# Source data:
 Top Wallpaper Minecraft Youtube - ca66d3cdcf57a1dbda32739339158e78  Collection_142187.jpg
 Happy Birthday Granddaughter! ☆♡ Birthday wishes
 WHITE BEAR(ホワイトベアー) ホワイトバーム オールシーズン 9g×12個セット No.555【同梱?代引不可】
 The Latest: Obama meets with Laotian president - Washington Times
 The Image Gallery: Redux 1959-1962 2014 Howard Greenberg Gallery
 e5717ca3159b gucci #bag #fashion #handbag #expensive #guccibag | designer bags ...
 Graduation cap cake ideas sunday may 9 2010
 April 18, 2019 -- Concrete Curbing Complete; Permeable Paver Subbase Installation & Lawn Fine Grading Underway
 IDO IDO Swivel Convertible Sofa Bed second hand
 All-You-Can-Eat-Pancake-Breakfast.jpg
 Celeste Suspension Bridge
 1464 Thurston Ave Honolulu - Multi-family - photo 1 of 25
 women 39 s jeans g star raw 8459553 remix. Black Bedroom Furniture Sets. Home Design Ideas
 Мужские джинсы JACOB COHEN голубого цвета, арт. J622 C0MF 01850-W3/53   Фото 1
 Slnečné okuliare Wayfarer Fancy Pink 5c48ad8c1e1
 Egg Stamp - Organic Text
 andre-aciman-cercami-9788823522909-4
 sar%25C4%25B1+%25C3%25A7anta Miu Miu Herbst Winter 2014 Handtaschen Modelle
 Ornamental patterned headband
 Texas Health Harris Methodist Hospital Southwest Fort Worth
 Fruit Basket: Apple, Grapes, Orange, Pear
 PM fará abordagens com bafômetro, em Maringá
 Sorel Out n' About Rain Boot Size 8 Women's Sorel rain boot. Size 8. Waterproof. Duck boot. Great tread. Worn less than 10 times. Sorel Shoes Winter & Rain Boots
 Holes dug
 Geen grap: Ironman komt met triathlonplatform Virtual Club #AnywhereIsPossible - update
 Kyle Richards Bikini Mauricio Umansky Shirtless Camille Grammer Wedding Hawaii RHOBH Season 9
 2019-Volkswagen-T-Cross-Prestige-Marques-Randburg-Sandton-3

# Task to complete:
Over all the entries, say how many lines hold the string "Winter". The reply is the number alone.

# Output for this exercise:
2